Le pays que nous traversions avait évidemment formé autrefois une immense embouchure par laquelle la Loire précipitait ses eaux vers l’Océan. Entrecoupant alors de ses canaux tout l’espace compris entre Paimbœuf et le Sillon, le fleuve avait peu à peu grossi les atterrissements de sa rive droite. Là étaient venus s’entasser les sables et les limons changés aujourd’hui en prairies; le remous y avait conduit les arbres arrachés par l’inondation, et que l’on trouvait encore enfouis sous le sol qui leur avait donné la couleur de l’ébène; c’était la Loire enfin qui avait fait naître, puis détruit les forêts marécageuses dont la décomposition formait maintenant cette gigantesque tourbière de plus de vingt lieues de contour, connue sous le nom de grande Bryère.

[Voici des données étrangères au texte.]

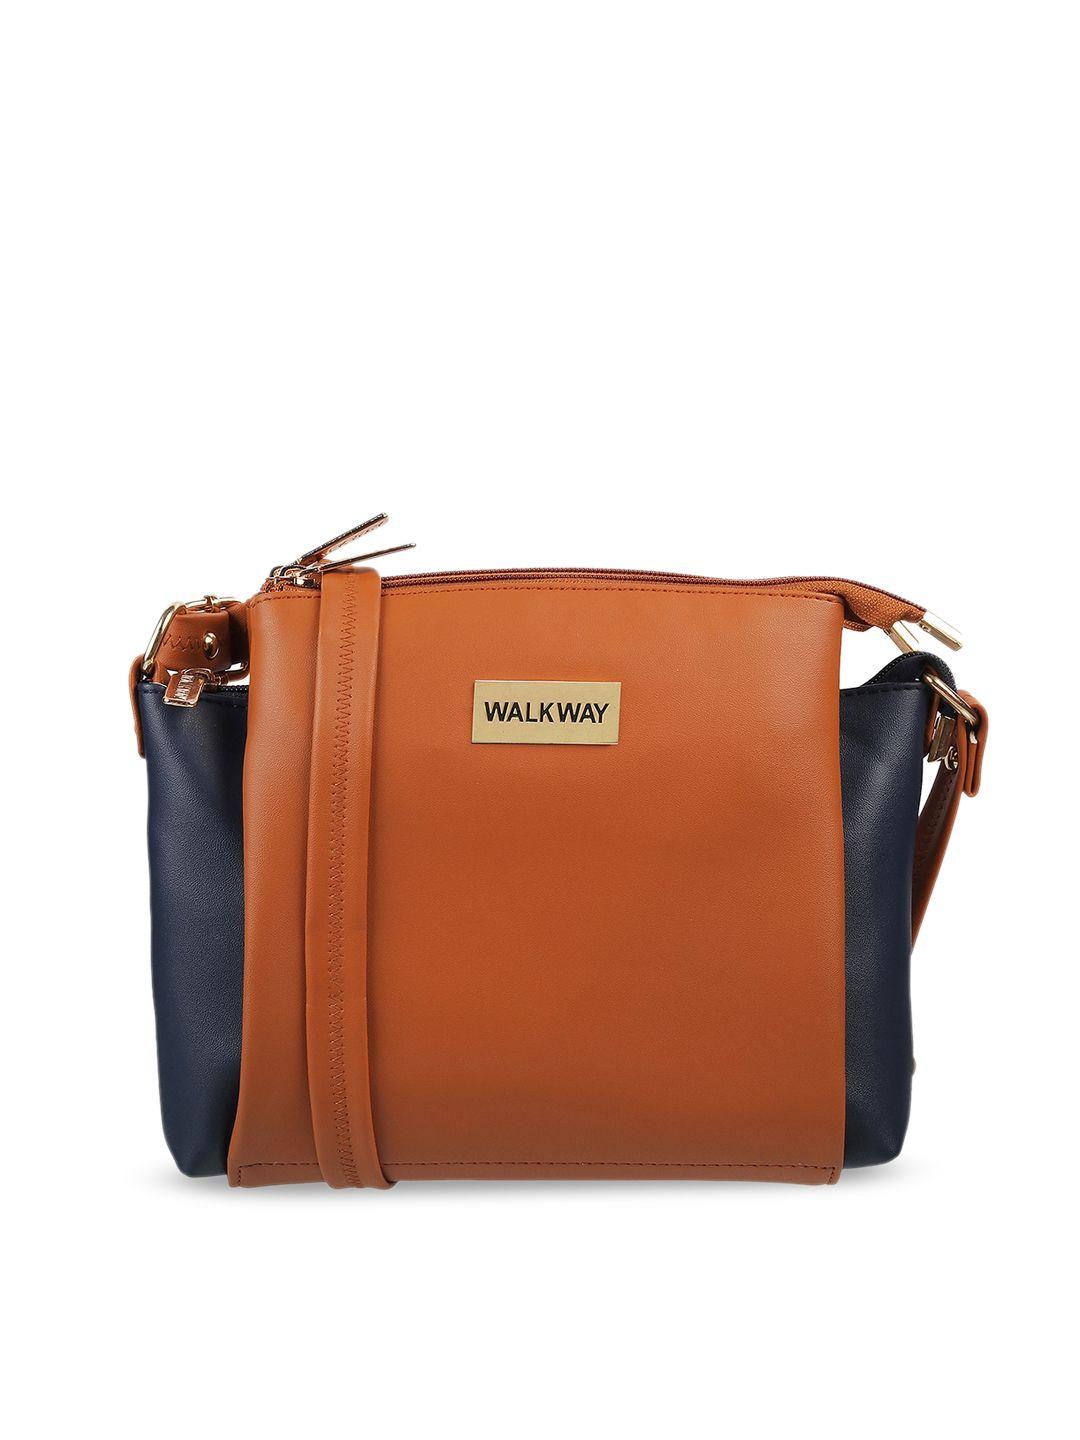 walkway by metro tan colourblocked structured sling bag

Les traces de ce long effort des eaux étaient partout visibles autour de nous. La plaine entière avait l’aspect d’un lac récemment desséché. Sur l’aride fond de la tourbière s’élevaient de loin en loin, comme des corbeilles, des groupes d’îles verdoyantes que des chaussées reliaient l’un à l’autre. L’aspect de ces îles avait quelque chose de paisible, de sauvage qui reposait le regard. Au milieu de touffes d’ormeaux se dressaient des toits de chaume tellement déformés par les graments, les liserons et les saxifrages, qu’on les eût pris, à distance, pour des rocs creusés; les allouettes de mer et les cobrégeaux (courlis gris) tournoyaient autour de ces oasis rustiques avec des cris joyeusement aigus, et sur le penchant des îlots, paissaient des brebis d’un noir rougeâtre dont les bêlements se répondaient. Les lueurs du soir commençaient à teindre l’horizon; nous tournions le plateau parsemé de hameaux et de bocages. Tout-à-coup, au versant des îles verdoyantes que nous venions de côtoyer, se déploya la grande Bryère.

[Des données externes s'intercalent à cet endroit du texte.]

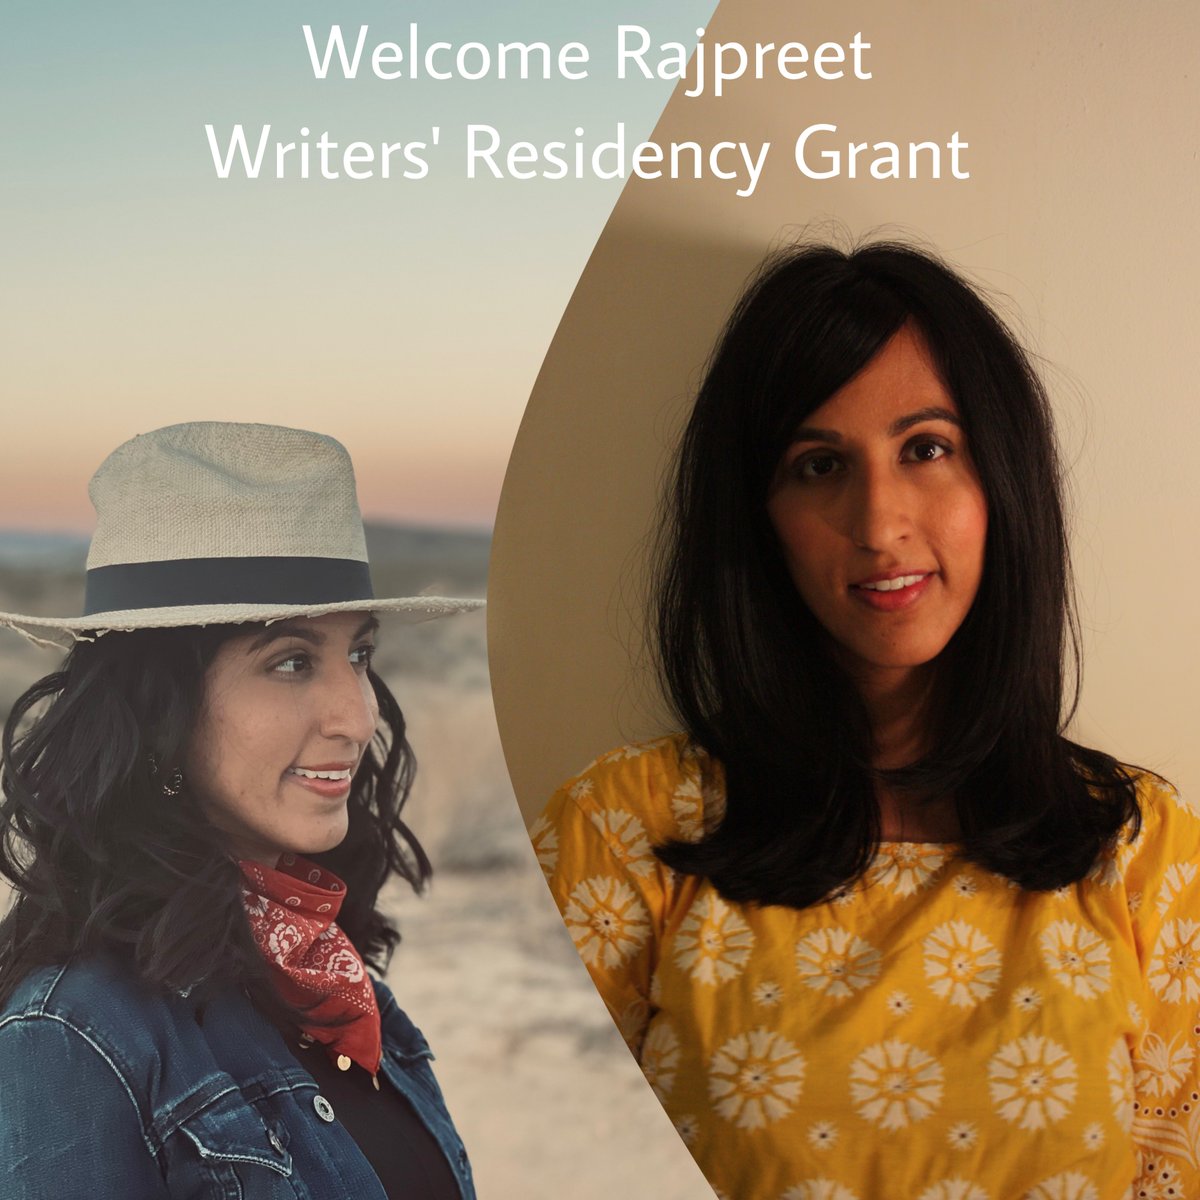 Announcing the recipient of our first-ever Writers' Residency Grant: congratulations to @rajtweet_edu, an Ithaca College professor who's writing a memoir. She'll receive a no-cost, three-month flex desk membership at 42west24. Thank you to all who applied!

Qu’on se figure un désert, non de sable, mais d’éponge calcinée, au-dessus duquel flotte perpétuellement une brume lourde et fétide. Le terrain cahoteux forme des monticules et des vallées; mais vous montez en vain, les hauteurs n’ont pas de brises plus fraîches; vous avez beau descendre, les vallées n’ont pas d’ombrages plus verts. Toujours vous retrouvez la même teinte, la même atmosphère, la même stérilité. Partout s’étend un linceul roux tacheté de carex rigides; c’est l’uniformité dans son plus implacable ennui. Le sol pulvérulent fuit sous les pieds et en garde l’empreinte; les flaques d’eau, sans chatoiements, ressemblent à des mares d’encre; on dirait les lacs infernaux décrits par Virgile. Évidemment les flots de l’Averne ont passé là; et l’entrée du Tartare doit être proche.

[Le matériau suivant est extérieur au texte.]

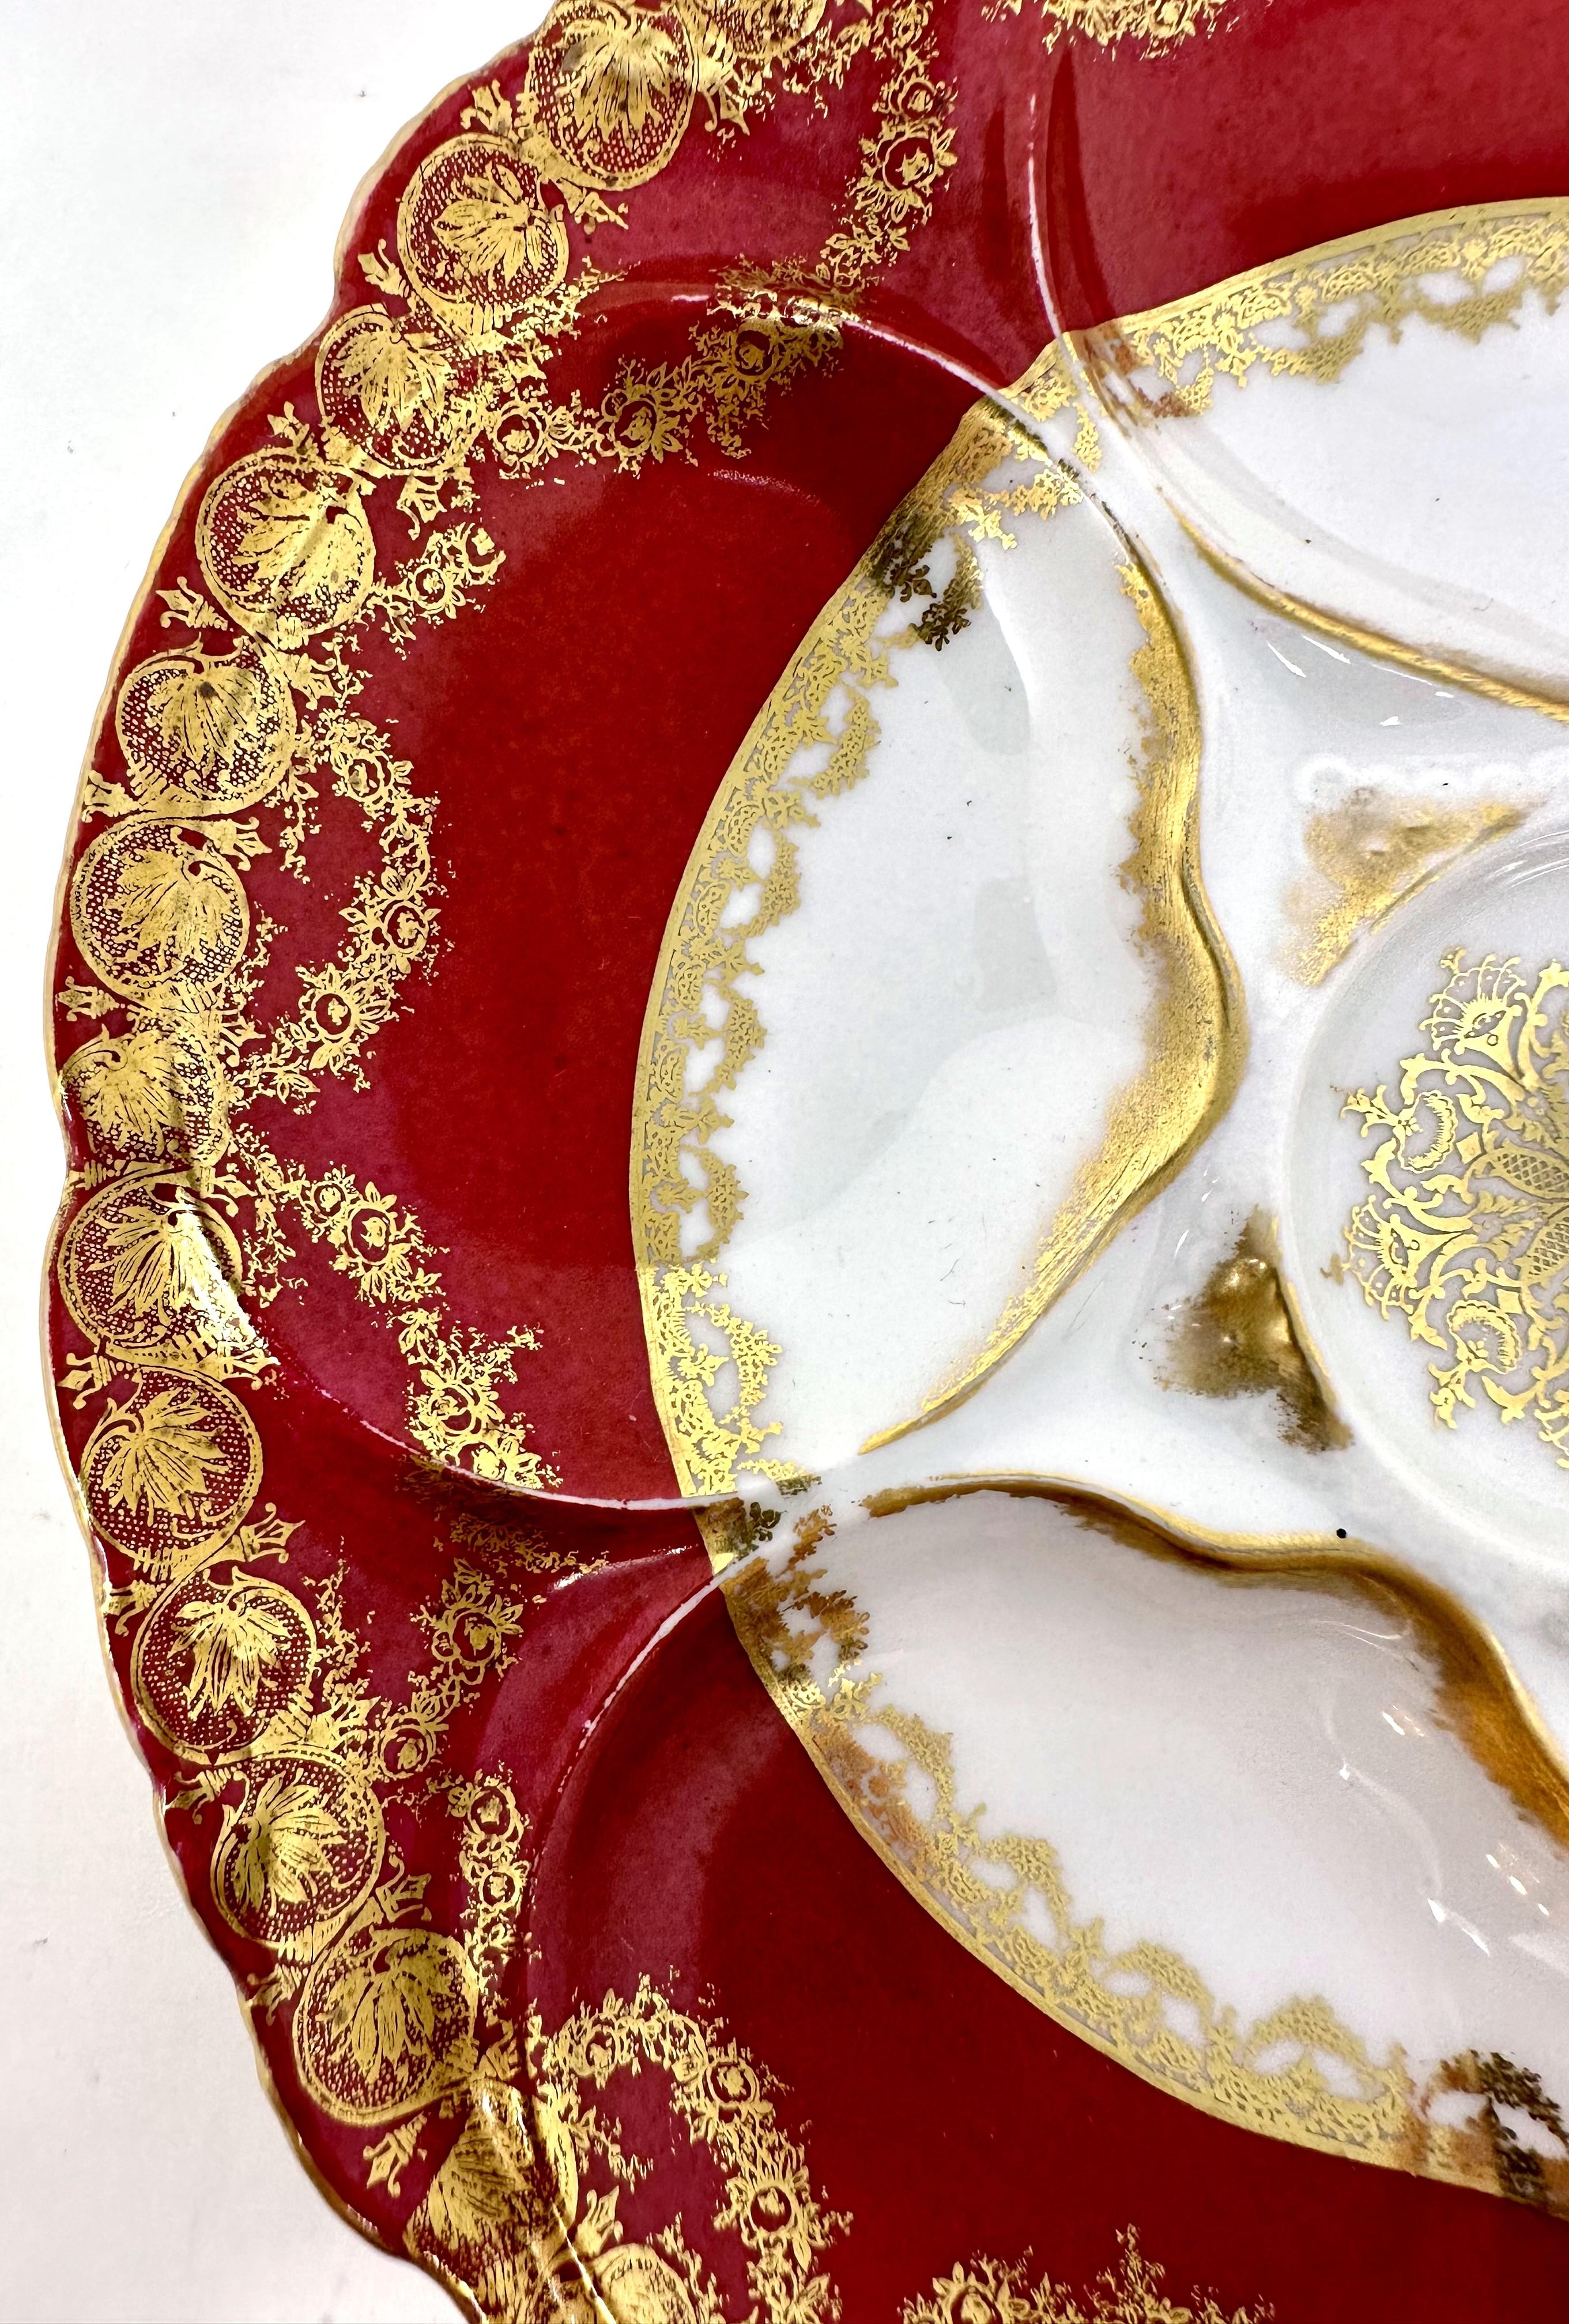 20th Century Antique French Haviland Limoges Red & Gold  Porcelain Oyster Plate, Circa 1900.

Nous apercevions, de temps en temps, quelques paysans occupés à couper la tourbe. Vêtus de berlinge brun, leurs longs cheveux pendant jusque sur leurs épaules, le visage imprégné de poussière et de fumée, ils semblaient eux-mêmes faire partie de la tourbière; on eût dit qu’ils sortaient de ce sol noirâtre comme la nation de Cadmus des champs thébains.
Cependant notre caravane continuait sa route. Derrière notre belle saulnière, portant son élégant costume à couleurs éclatantes, venaient les mules, la tête ornée de branches vertes cueillies sur le chemin, puis Pierre-Louis, vêtu de toile fine et blanche. Il marchait en sifflant une mélodie champêtre qu’accompagnaient les tintements des grelots et les claquements cadencés de son fouet. Tout cet ensemble avait quelque chose de frais et de galant qui contrastait singulièrement avec notre entourage; c’était comme un rayon de lumière, de grâce et de gaieté traversant les ténèbres de l’ennui. Je ne pus m’empêcher de le dire à Jeanne; elle répondit par un hochement de tête méditatif.
—Oui, reprit-elle à demi-voix, la Bryère, ne rit pas à ceux qui la voient pour la première fois; mais elle ressemble aux femmes vieillies dans le ménage, qui ont plus de mérite que de beauté. Cette vilaine campagne, voyez-vous, fait vivre quasiment onze paroisses.
—Vous l’avez habitée long-temps? demandai-je.
—Quatorze années, dit la jeune femme en promenant sur l’aride désert un regard brillant, et ce ne sont pas les plus mauvais jours de ma vie. J’avais une coiffe de toile rousse et une jupe de berlinge, mais pas de soucis! On a beau dire, allez, le bon Dieu n’a encore rien inventé de mieux que la jeunesse.
—Ainsi vous regrettez le passé?
—Je ne regrette rien, monsieur, je me rappelle, voilà tout. Ah! fallait voir les belles corvées que nous faisions dans la Bryère, quand je venais pour y enlever la pélette[13] avec Gratien.